One cannot prevent any type of immune disease or cancer from forming in any type of subject or even in a human subject. While there is no guaranteed way to prevent autoimmune diseases, as they often result from complex interactions between genetics and environment, you can reduce your risk by managing chronic stress, eating a nutrient-dense anti-inflammatory diet, avoiding smoking, getting regular exercise, and reducing exposure to toxins. See https://my.clevelandclinic.org/health/diseases/21624-autoimmune-diseases, 2024. Systemic lupus erythematosus (SLE) cannot be currently prevented as its causes are not fully understood, but its flares and complications can be managed through lifestyle changes—such as avoiding sun exposure (using SPF >55), quitting smoking, managing stress, and maintaining a healthy diet. See Dai et al., (Sig Transduct Target Ther 10, 102 (2025).

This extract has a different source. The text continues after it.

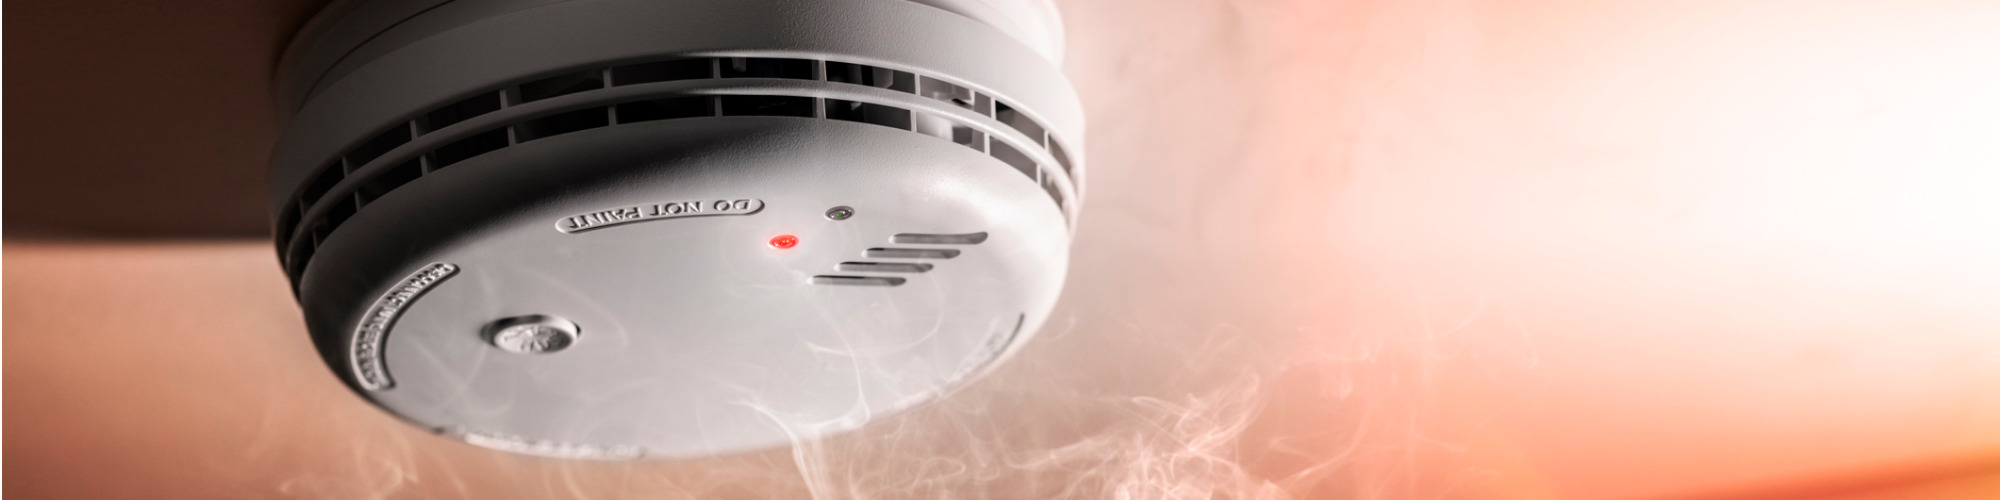 Smoke & Carbon Monoxide Alarms - Compliance Guidance for Landlords

With regard to cancer prevention, There is currently no FDA-approved vaccine to prevent (prophylactic) prostate cancer. The only FDA-approved vaccine, Sipuleucel-T (Provenge), is a therapeutic vaccine used to treat advanced, metastatic, hormone-resistant prostate cancer, not to prevent it. Lin et al., (Critical Reviews in Oncology/Hematology. Volume 208, April 2025, 104643). Sporn (Chemoprevention of Cancer, 2000, Carcinogenesis, Volume 21, Number 3, Pages 525-530) teaches the magnitude of mortality of cancers and that mortalities are in fact still rising and that new approaches to a variety of different cancer are critically needed. Sporn also teaches that “given the genotype and phenotype heterogeneity of advanced malignant lesions as they occur in individual patients, one wonders just exactly what are the specific molecular and cellular targets for the putative
cure.”
Furthermore, the art indicates the difficulties in going from in vitro to in vivo for drug development for treatment of cancers. Auerbach (Angiogenesis assays: Problems and pitfalls, 2000, Cancer and Metastasis Reviews, Volume 19, Pages 167-172) indicates that one of the major problems in angiogenesis research has been the difficulty of finding suitable methods for assessing the angiogenic response. Finally, at best, the state of the art shows that peptide vaccines could limit pancreatic cancer progression induce an immune response against cancer-causing cells in the lymph nodes. There is no teaching of prevention or treatment of any related conditions. At best, lymph node-targeting amphiphile vaccination induced persistent T cell responses targeting oncogenic driver KRAS mutations, alongside personalized, tumor antigen-specific T cells, which may correlate to clinical outcomes in pancreatic and colorectal cancer. Wainberg et al., (Lymph node-targeted, mKRAS-specific amphiphile vaccine in pancreatic and colorectal cancer: phase 1 AMPLIFY-201 trial final results. Nat Med 31, 3648–3653 (2025).
Happe et al., teach LRIG1 was less expressed in glioma compared to peritumoral tissue with additional decrease with ascending tumors grade. Further, secondary glioblastoma expressed more LRIG1 protein than primary. On mRNA level, the same was seen for LRIG2, were low grade glioma expressed significantly more LRIG2 than high grade glioma. And on protein level, secondary glioblastoma showed higher expression than primary. LRIG3 mRNA expression, in contrast, was significantly higher in grade II gliomas compared to surrounding control tissue, whereas chemotherapy did not significantly affect expression levels in glioblastoma. There was no treating of prevention or treatment. Oncotarget. 2025; 16: 793-807.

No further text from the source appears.